You never know what New Zealand is going to throw at you – the weather, travel experiences, people you meet, or the places you stay. That was the case when I was travelling in my campervan from Christchurch, heading to Greymouth via Arthur’s Pass.
I’d been listening to the weather reports and they were calling for a storm. Sure enough, as I drove west, my little campervan was hit with pelting hail stones, followed by freezing winds and driving rains. But then the sun came out! That’s New Zealand for you.
Driving through the valley towards the mountains ahead, I chatted merrily with my fellow traveller Sonya, an Austrian student on a gap year. We arrived at Arthur’s Pass around 4.30pm to a good snow fall.
We stopped at the ranger station, where they confirmed they were about to close the road. We would need to find a place to stay. The ranger recommended an old place, a tradition in these parts, offering very basic dorm rooms and run on an honour system.
The entry door led to a small hallway with three doors.

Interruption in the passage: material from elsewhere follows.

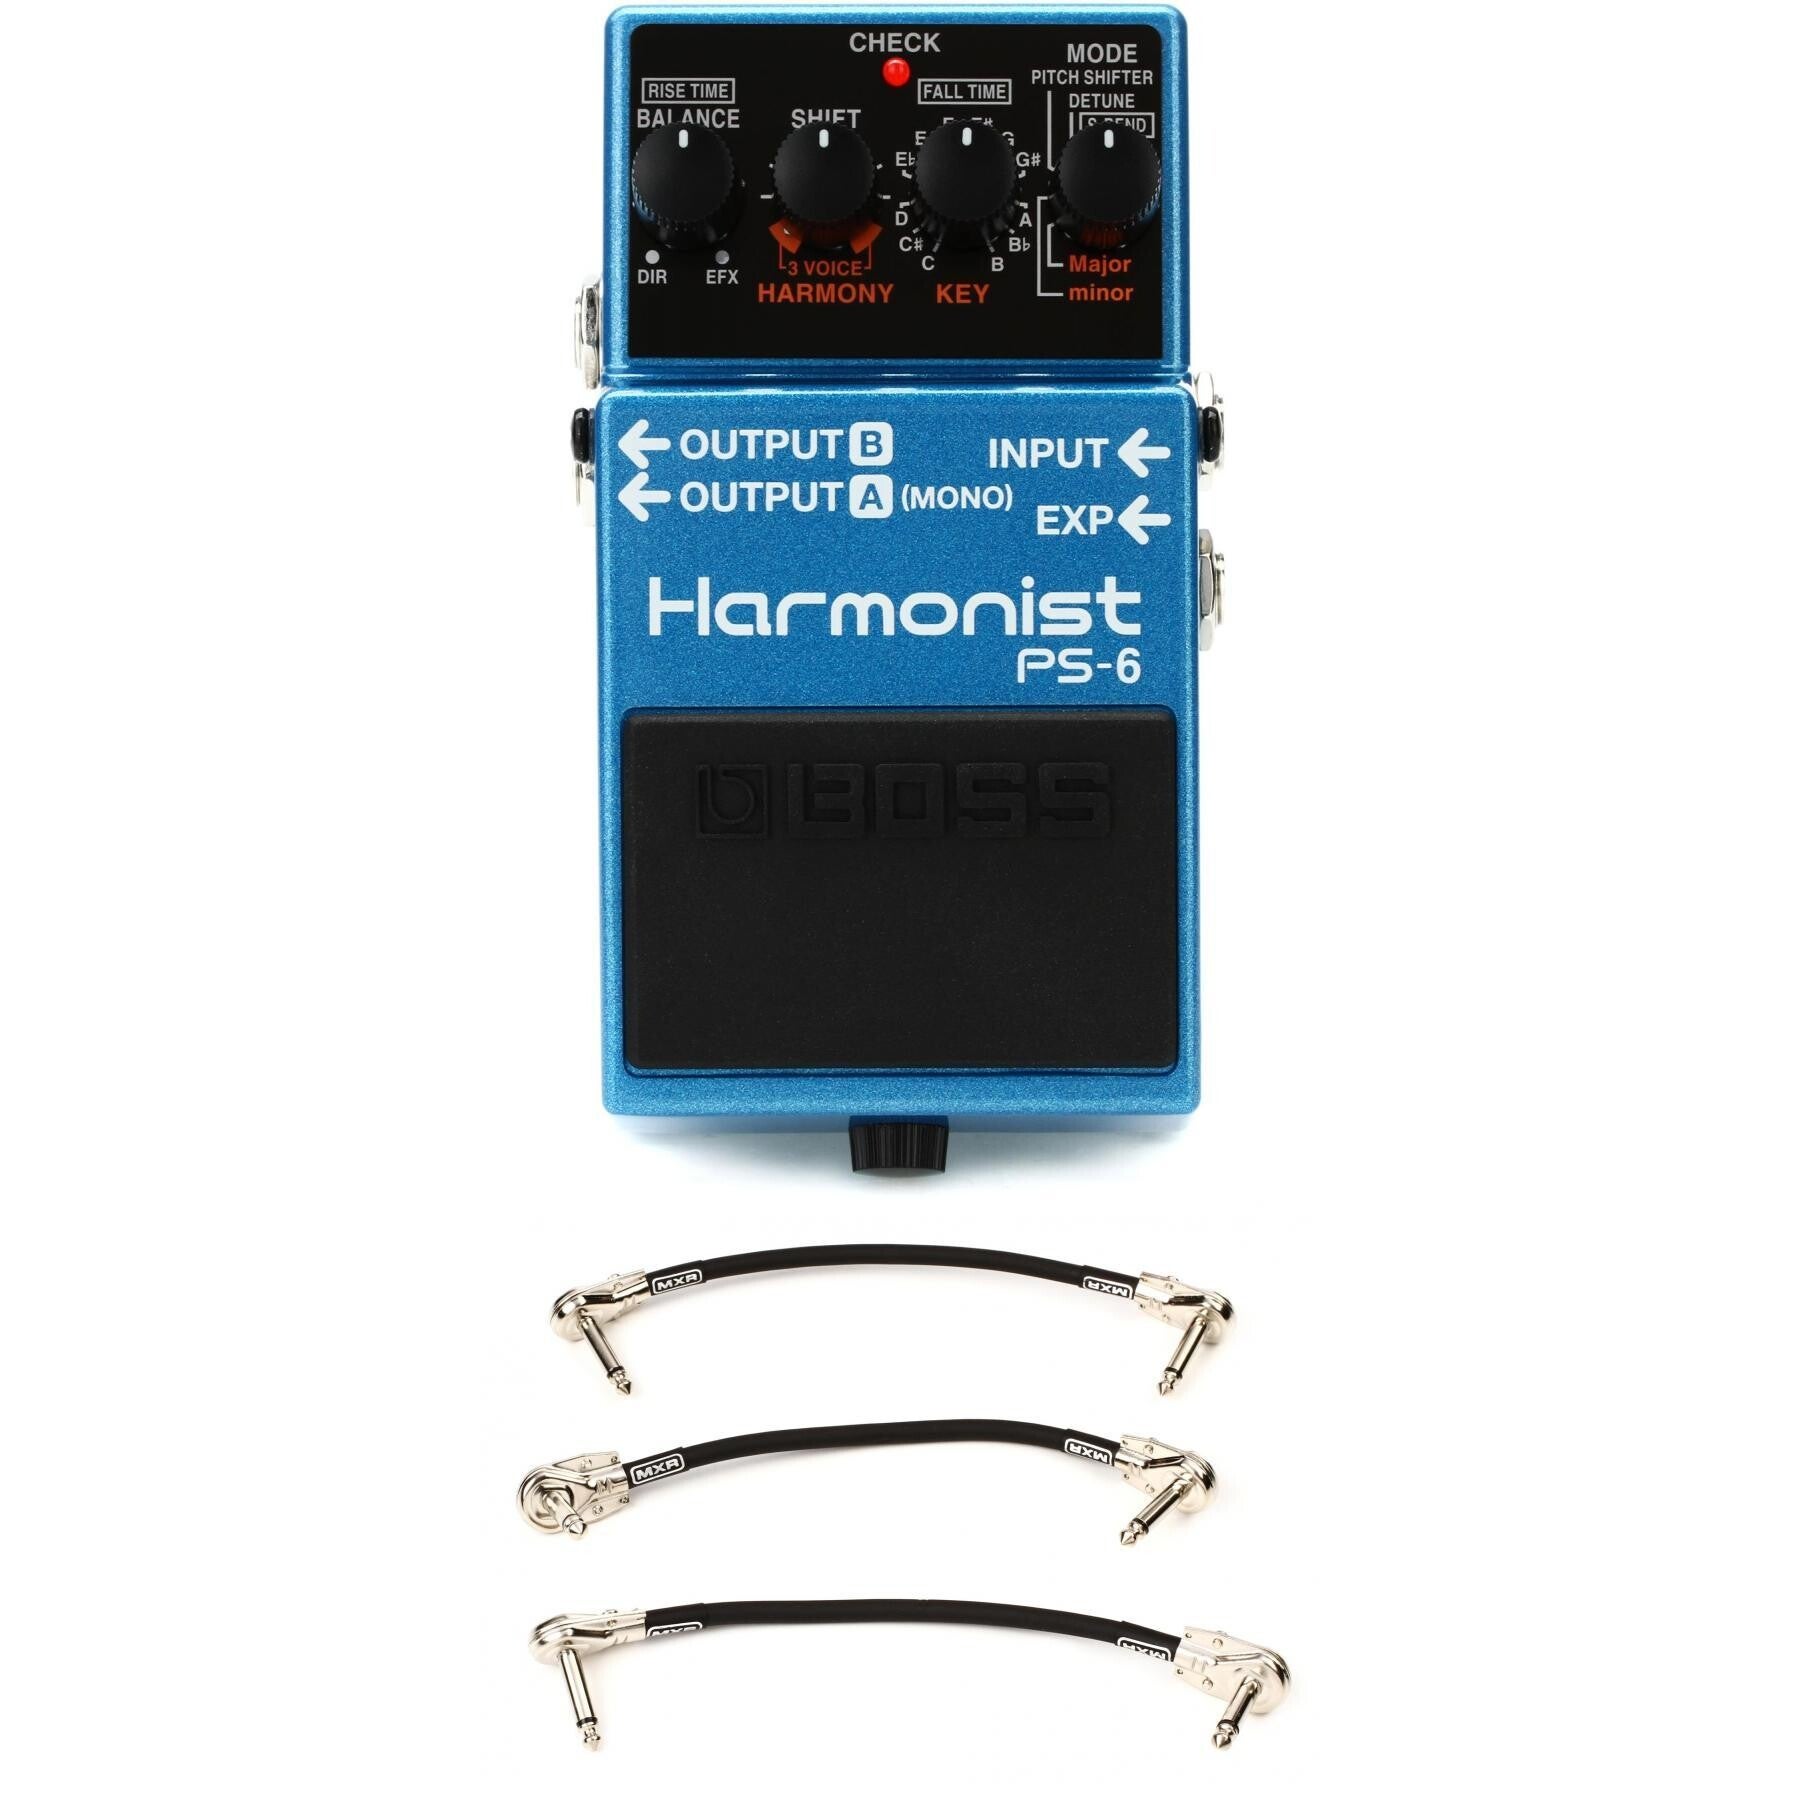 Boss PS-6 Harmonist Pedal with 3 Patch Cables

The first door was the dorm room. It was freezing! The second door was the bathroom. The glass roof leaked and dripped water over the slated wood floor. You could see daylight through the walls and wind blew in.
It was looking pretty bleak and I was considering a night in the van might be more comfortable. But then we opened the third door and there was a sight that warmed us right through to the soles of our cold feet.
The first thing your eye fell on, and your body felt, was the roaring fire. Francis from Hungary knelt next to it and was feeding logs into the belly of the beast. His grin was almost as warm as the fire itself. Marchant from America sat at the dinning table. She looked up from her book with a smile and welcomed us in.
On the floor was a mattress. Francis had already spent a couple of nights here and had dragged the mattress in from the bunkhouse to sleep in front of the fire. Marchant had arrived earlier that day, after a few hard days tramping, and was just drying her soaked clothes.
In our sparse but warm bunkhouse, we found a travellers kinship that bonded us as instant friends. We shared our food, our stories of travel and of our homelands.
That night with our mattresses laid out in front of the fire, we were all one family while the snows fell in black silence across a star-filled sky.
The next day I wanted to tramp somewhere just to experience the beautiful snow-covered landscape. Francis and Sonya were game.
The three of us set off on a tramp that Francis had done a few days before.
The snow was still falling, but only lightly and we crunched our way up the trail in snow that sometimes came up to our knees. It was a great adventure, at times losing the trail in the thick snow, the winds sometimes driving into our faces.
Our feet, legs and hands became more and more soaked, but we were still warm and our spirits were high as we chatted all the way up the mountain.
At various points Francis would announce, as he made a sweeping motion of his arm, that “from this location there is a magnificent view”.
All we saw was a snowy white-out, but we didn’t care. We were having a great time. As we neared the ridge, the snow was becoming quite fierce and we finally decided that we’d probably pushed it as far as was safe and so headed back home.
We reached the bunkhouse in the late afternoon. We shared our food and watched the roaring fire as night fell. Outside the trucks lined the road, the drivers dressed in their traditional attire of boots and shorts, stuck for the night as the pass was still closed.
The scene through the window was beautiful, snow falling with a backdrop of white mountains, a distant last screech of kia birds before they settled
in for the night.
After dinner, the four best friends snuggled together in a line under sleeping bags. It was a perfect moment in a perfect location, with perfect friends.